▸ **The data**:
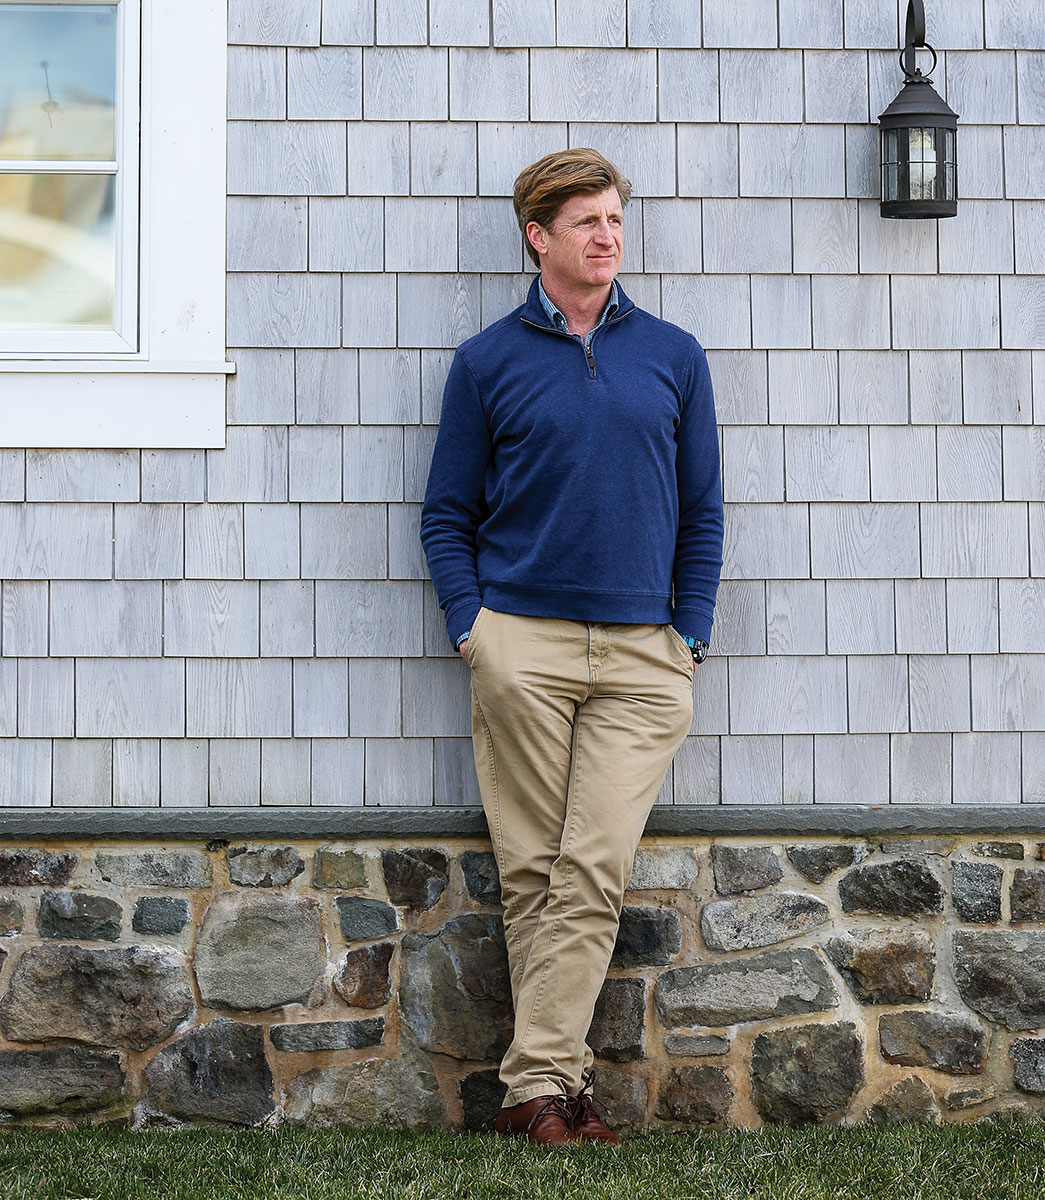 Patrick J. Kennedy '91 chose Providence College because a family friend said it would be "a fresh start in a smaller fishbowl."
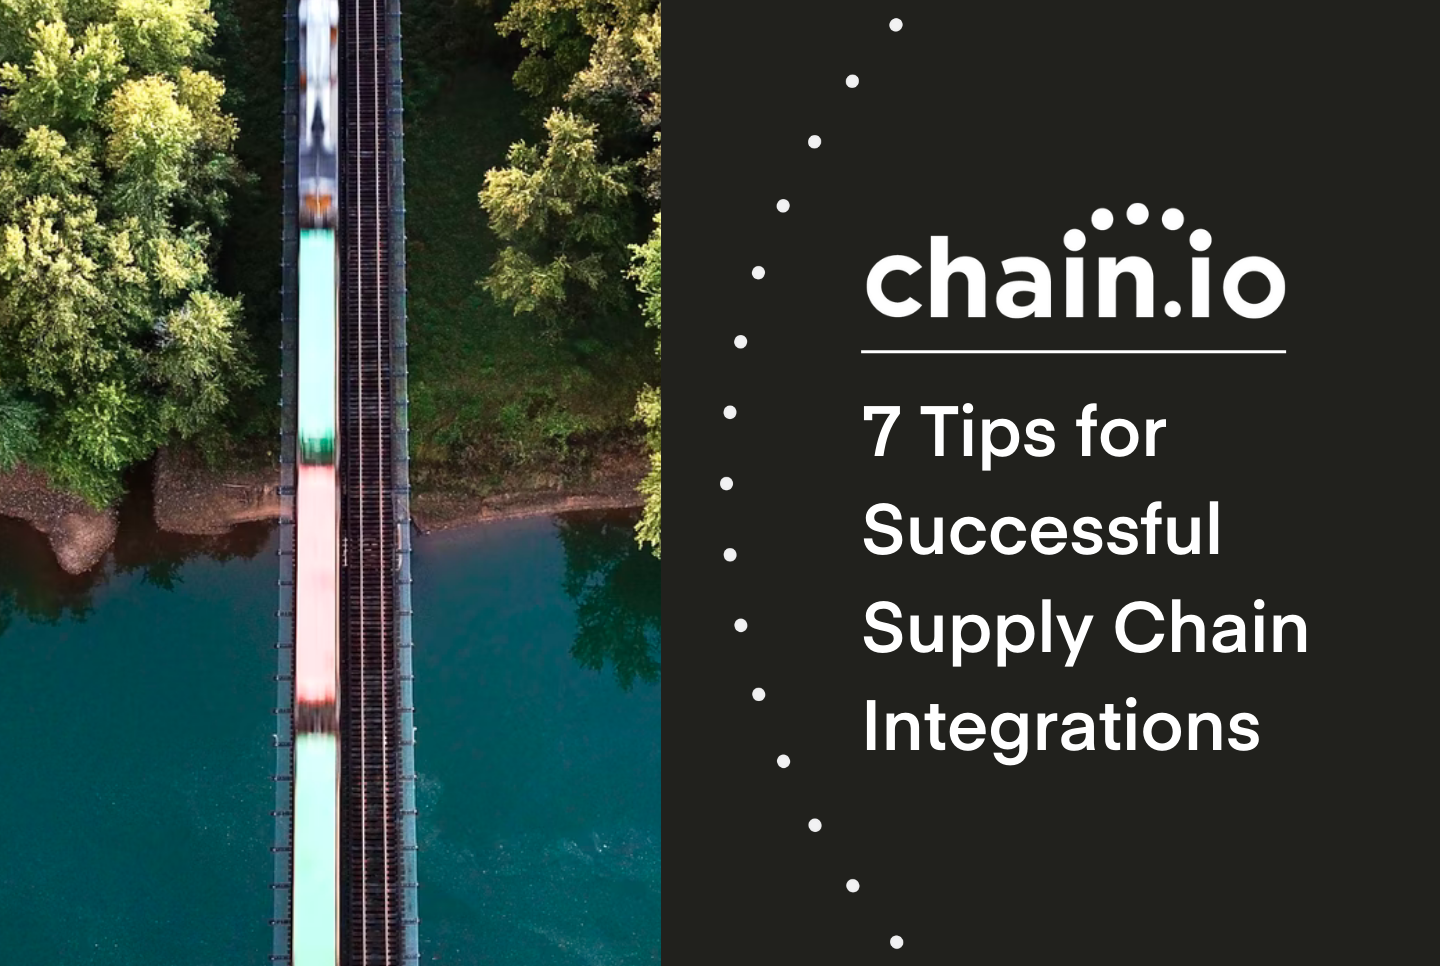 Whether you’re integrating modern APIs, legacy EDI systems, hybrid cloud solutions, or some combination of them all, there are basic principles that you can put in place to make sure you deliver logistics and supply chain integrations on time and on budget.
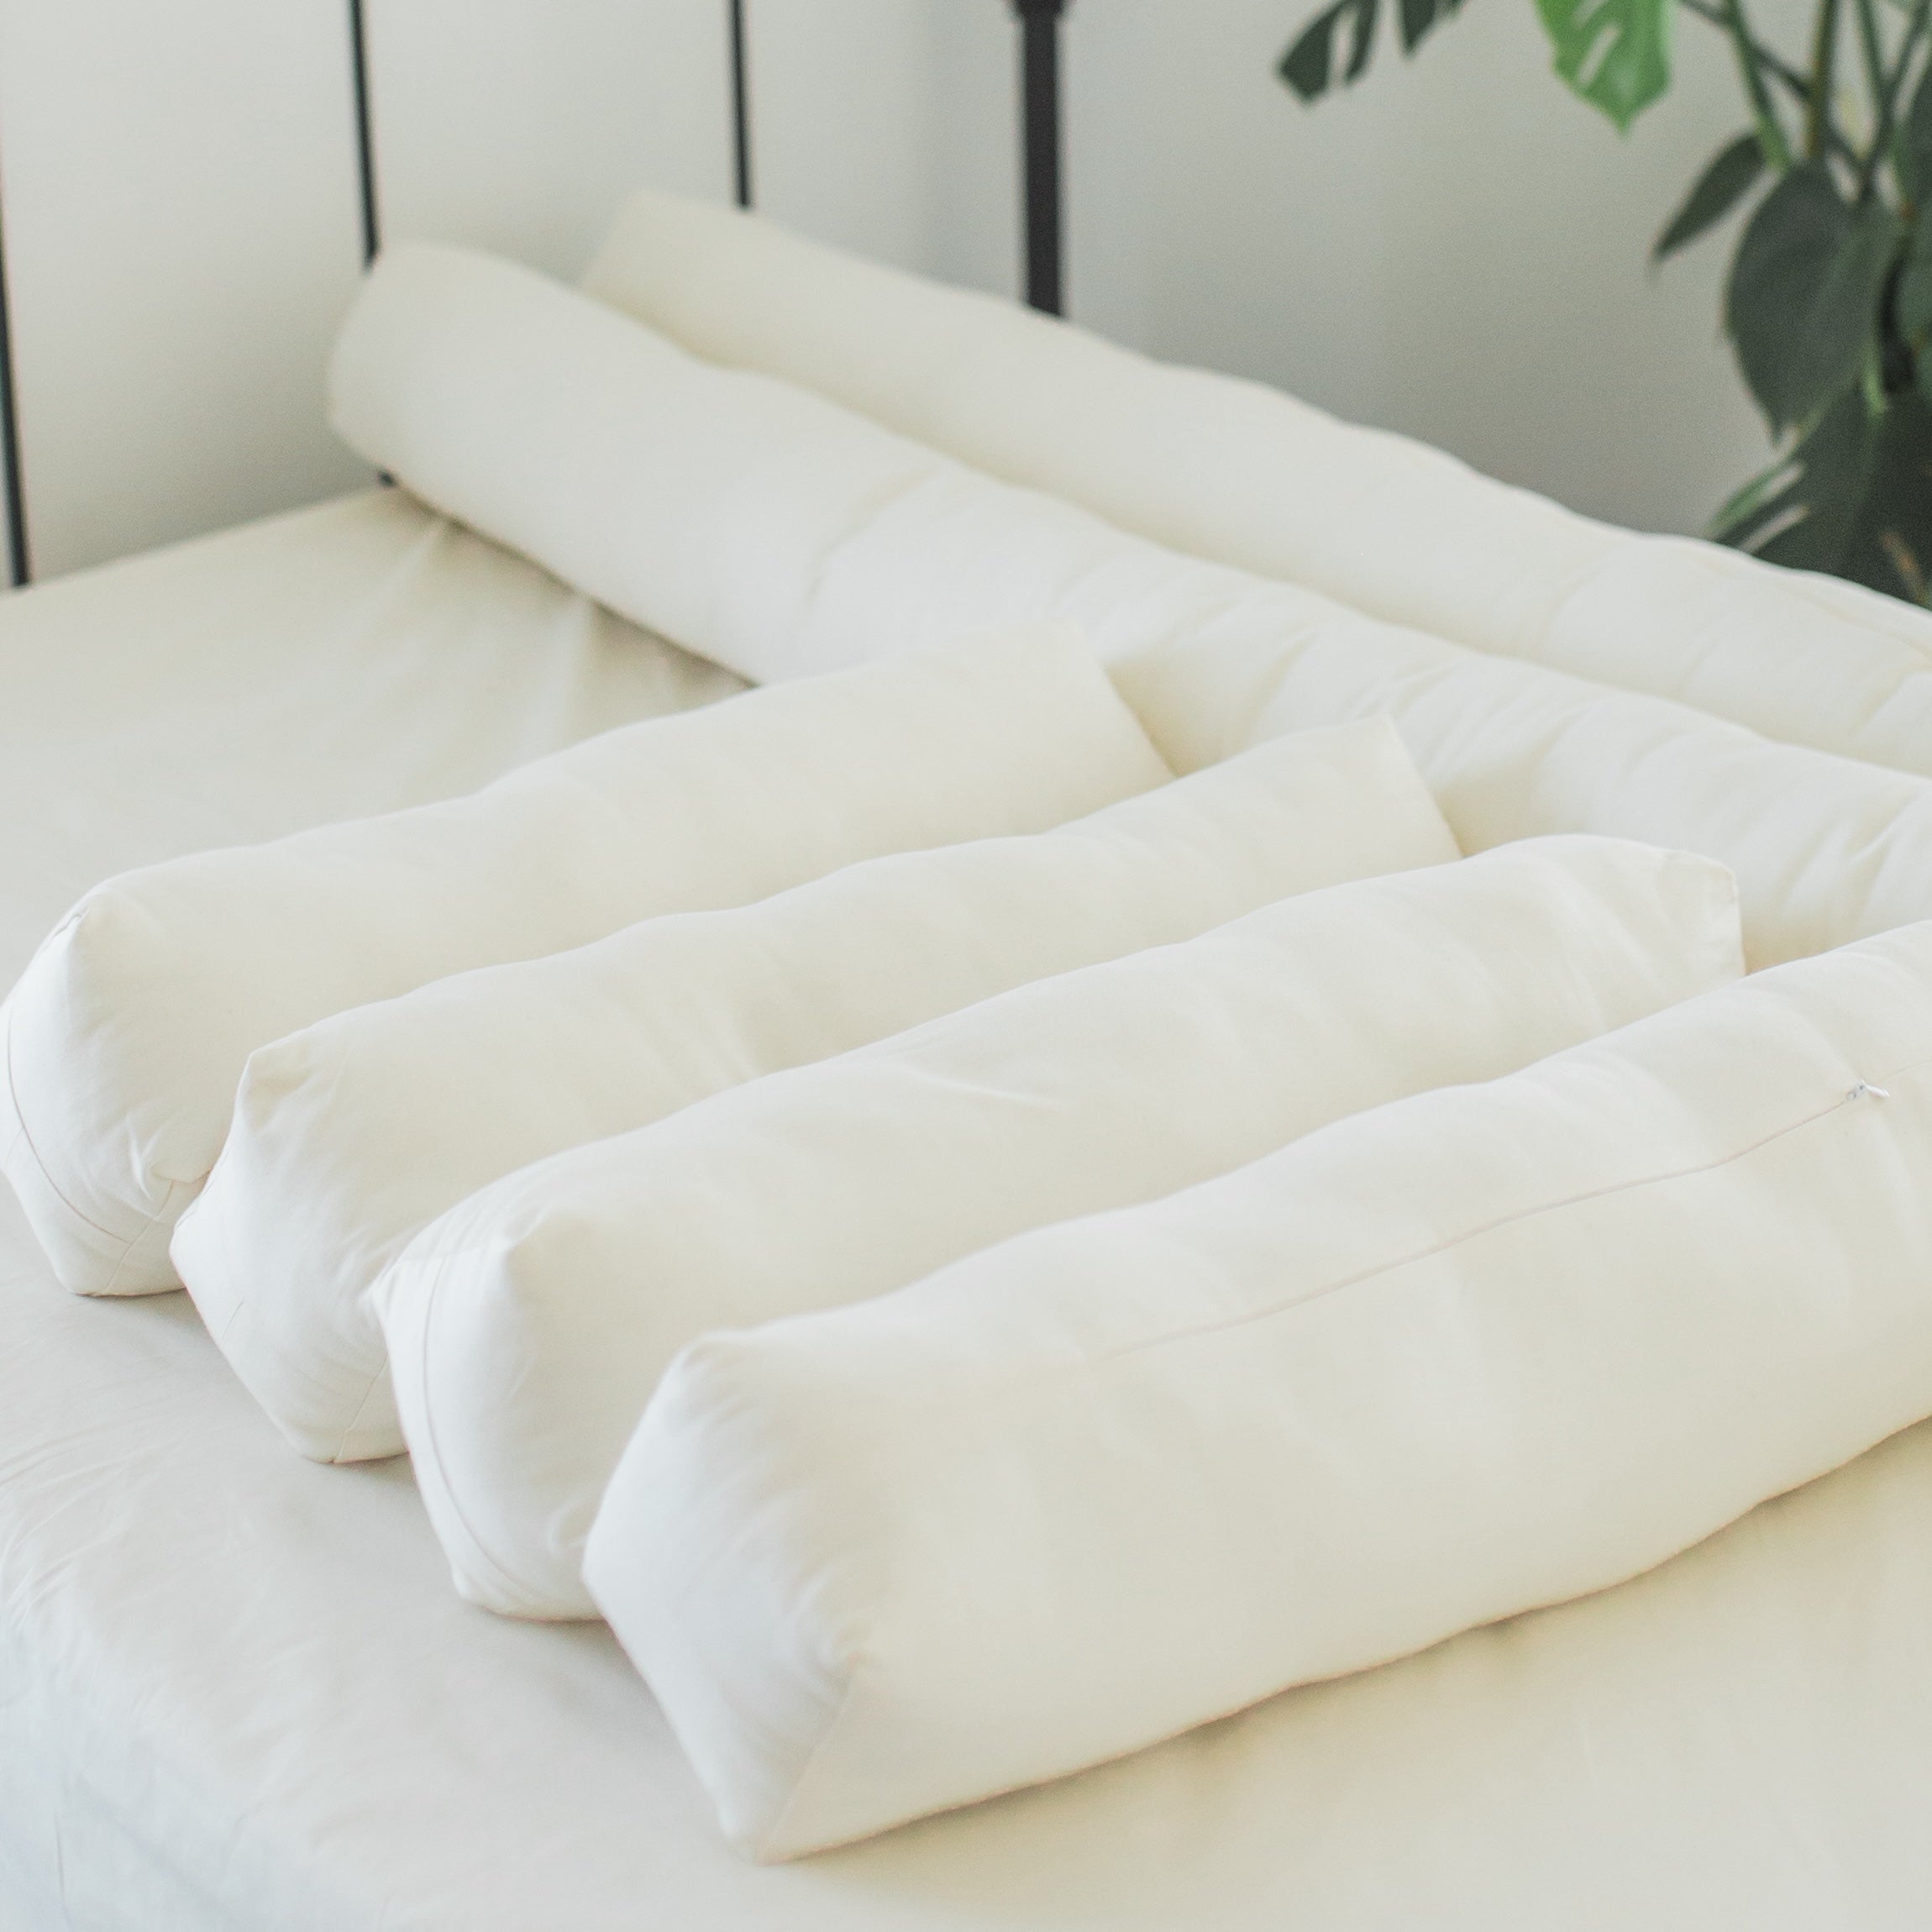 Oolie organic cotton bolster pillows in two different lengths, arranged on a bed.

▸ **What the exercise asks**: Set the listing down exactly, without its pictures.

▸ **Your response**:
 Patrick J. Kennedy '91 chose Providence College because a family friend said it would be "a fresh start in a smaller fishbowl."
 Whether you’re integrating modern APIs, legacy EDI systems, hybrid cloud solutions, or some combination of them all, there are basic principles that you can put in place to make sure you deliver logistics and supply chain integrations on time and on budget.
 Oolie organic cotton bolster pillows in two different lengths, arranged on a bed.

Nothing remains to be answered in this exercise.